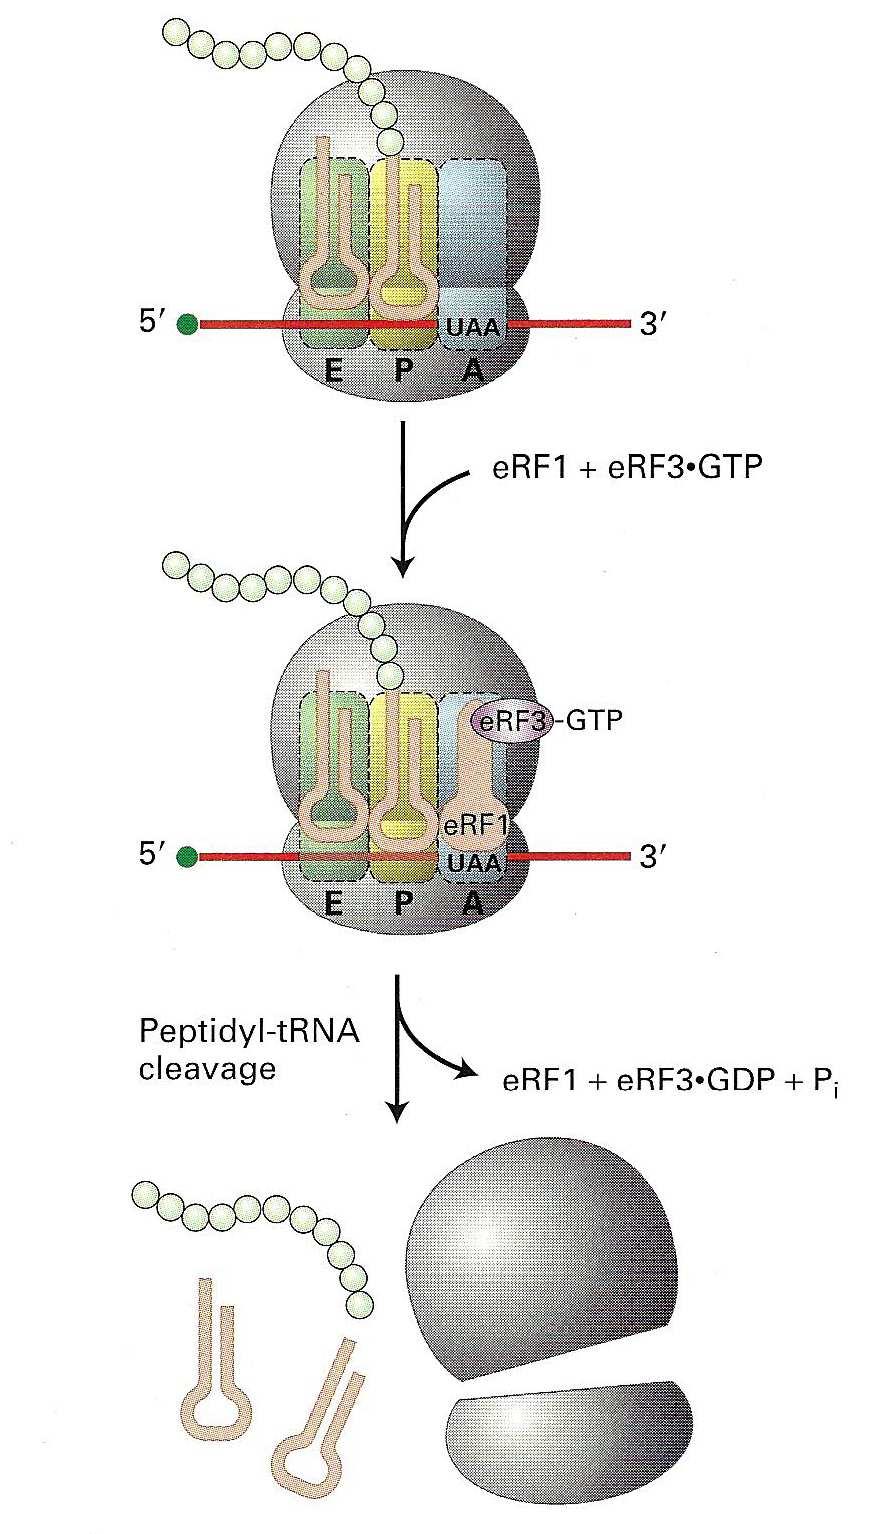 27 δεύτερο αµινοξύ προσαρτάται στην θέση Α του ριβοσώµατος. Στο στάδιο 2, γίνεται µια αλλάγή στην διαµόρφωση του ριβοσώµατος, µέσω της υδρόλυσης του GTP στο ef1α*gtp σύµπλεγµα.
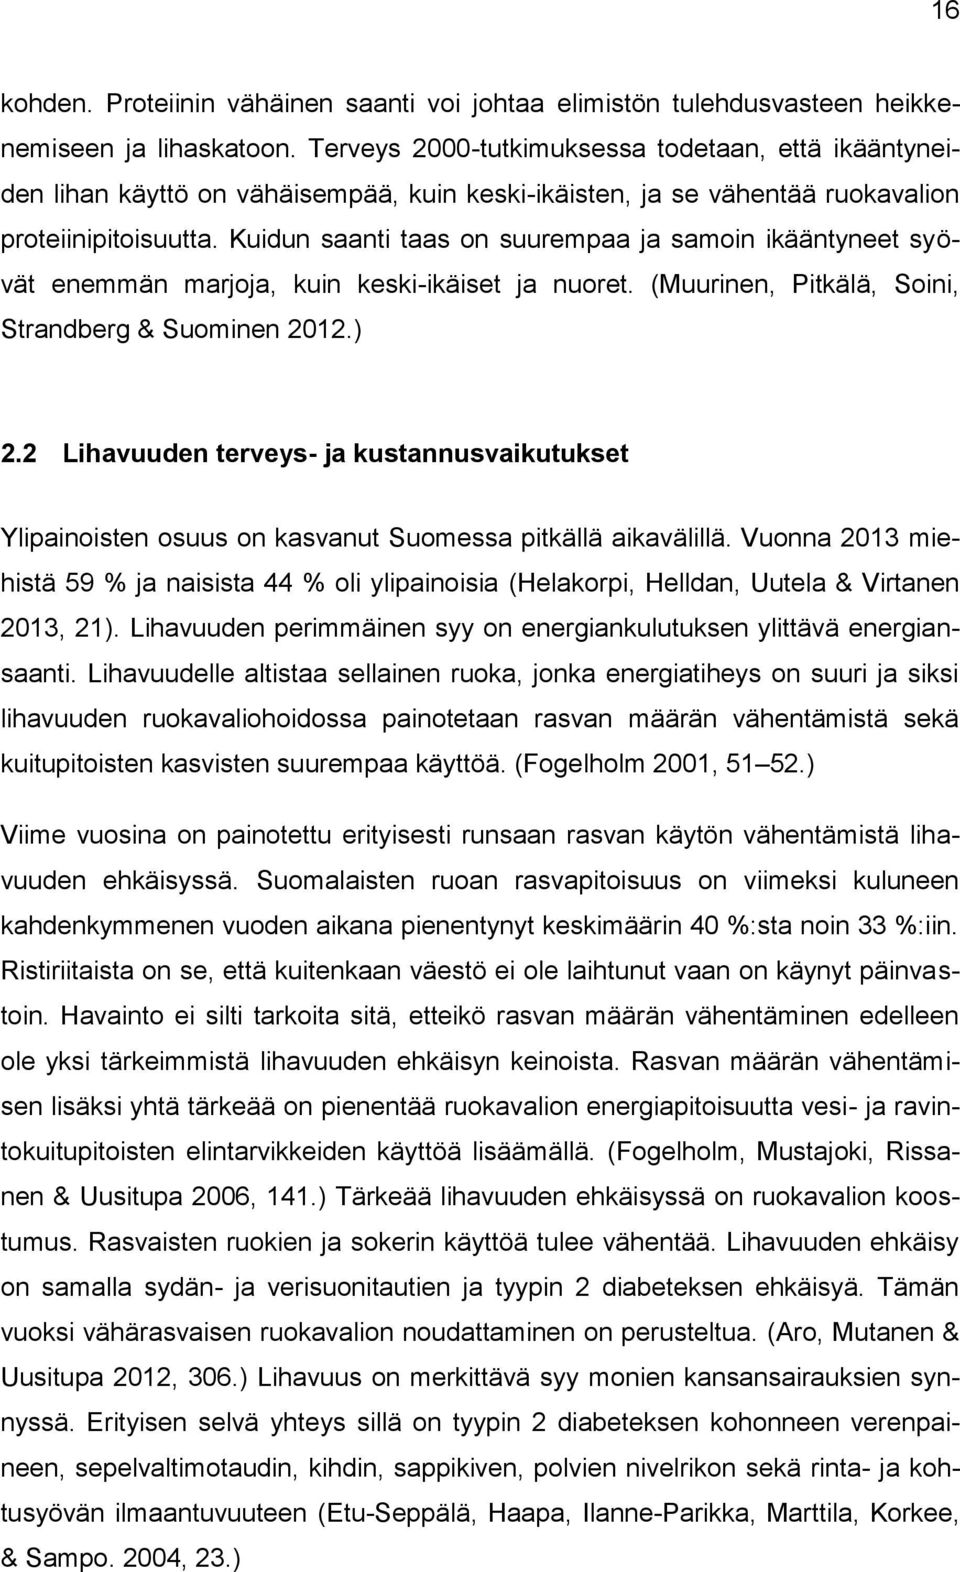 Kuidun saanti taas on suurempaa ja samoin ikääntyneet syövät enemmän marjoja, kuin keski-ikäiset ja nuoret. (Muurinen, Pitkälä, Soini, Strandberg & Suominen 2012.) 2.
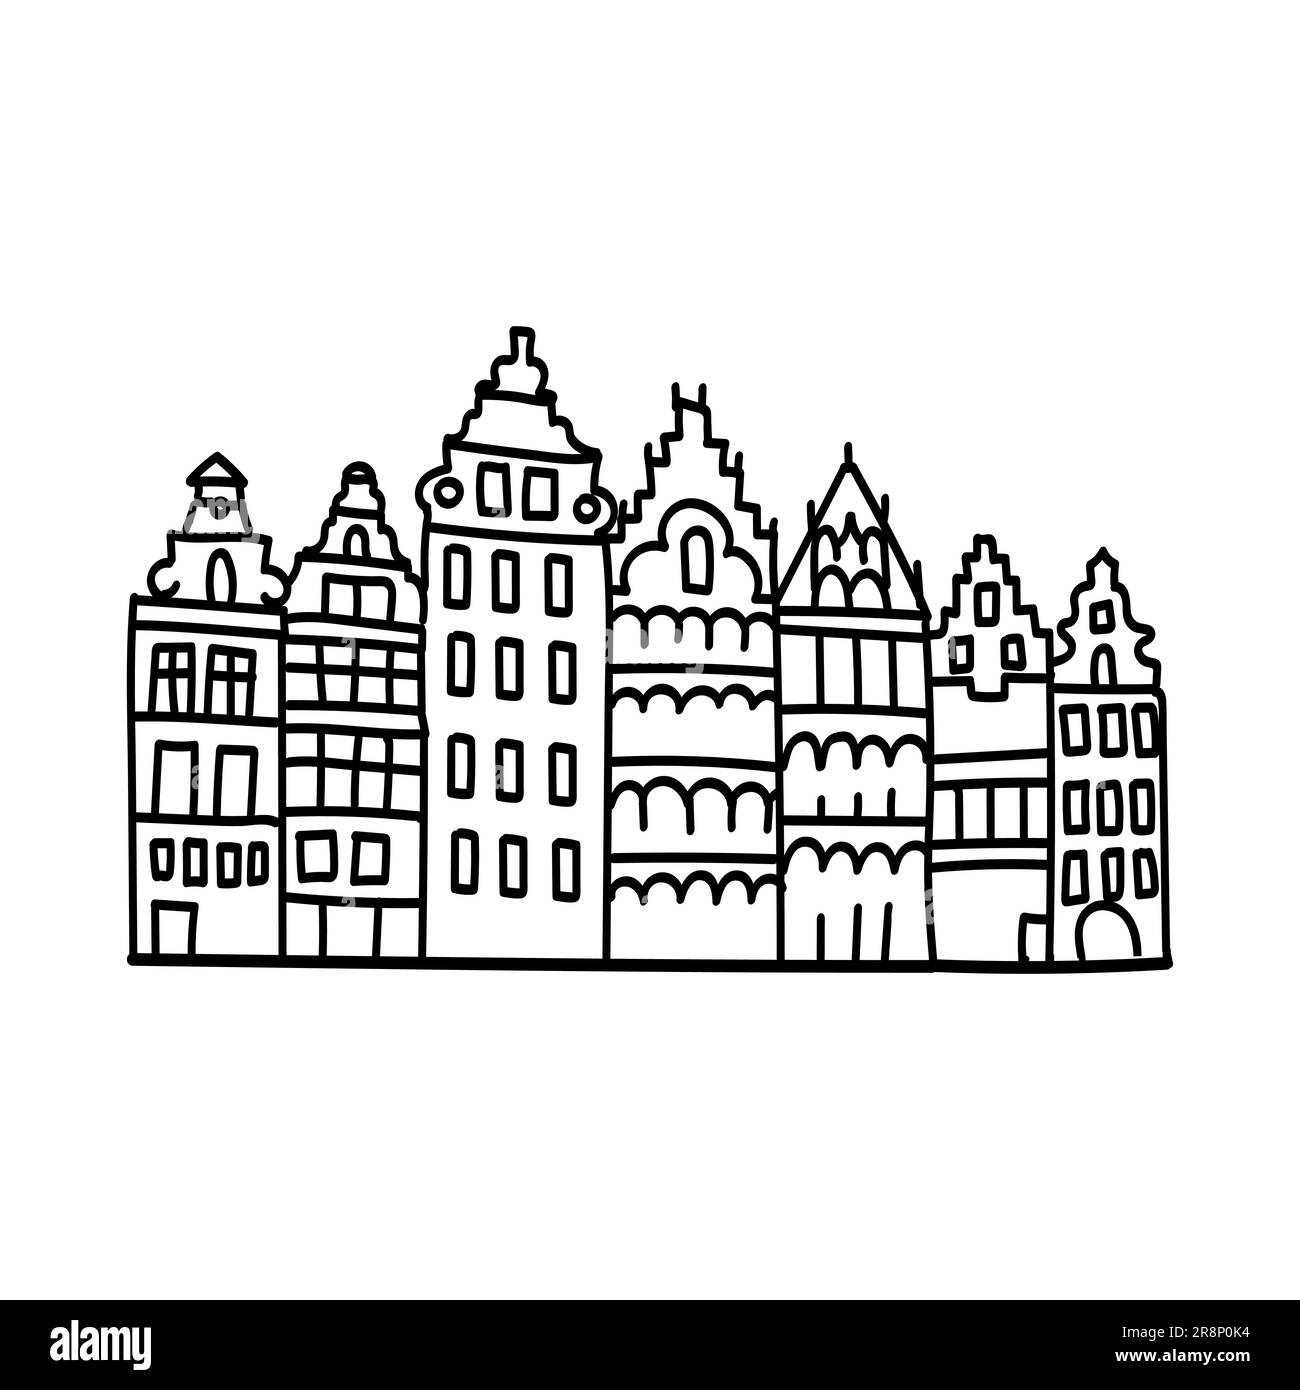 Dessin à la main de l'icône de contour de doodle du bâtiment européen. Sites touristiques des villes d'europe. dessins simples de façades Illustration de Vecteur

★ ★ ★ ★

**Goal of the exercise:** An exact copy of the lines above, from the first through the line that holds "Kuidun saanti taas", is what is needed; leave the pictures out.

**Answer for the task:**
 27 δεύτερο αµινοξύ προσαρτάται στην θέση Α του ριβοσώµατος. Στο στάδιο 2, γίνεται µια αλλάγή στην διαµόρφωση του ριβοσώµατος, µέσω της υδρόλυσης του GTP στο ef1α*gtp σύµπλεγµα.
 Kuidun saanti taas on suurempaa ja samoin ikääntyneet syövät enemmän marjoja, kuin keski-ikäiset ja nuoret. (Muurinen, Pitkälä, Soini, Strandberg & Suominen 2012.) 2.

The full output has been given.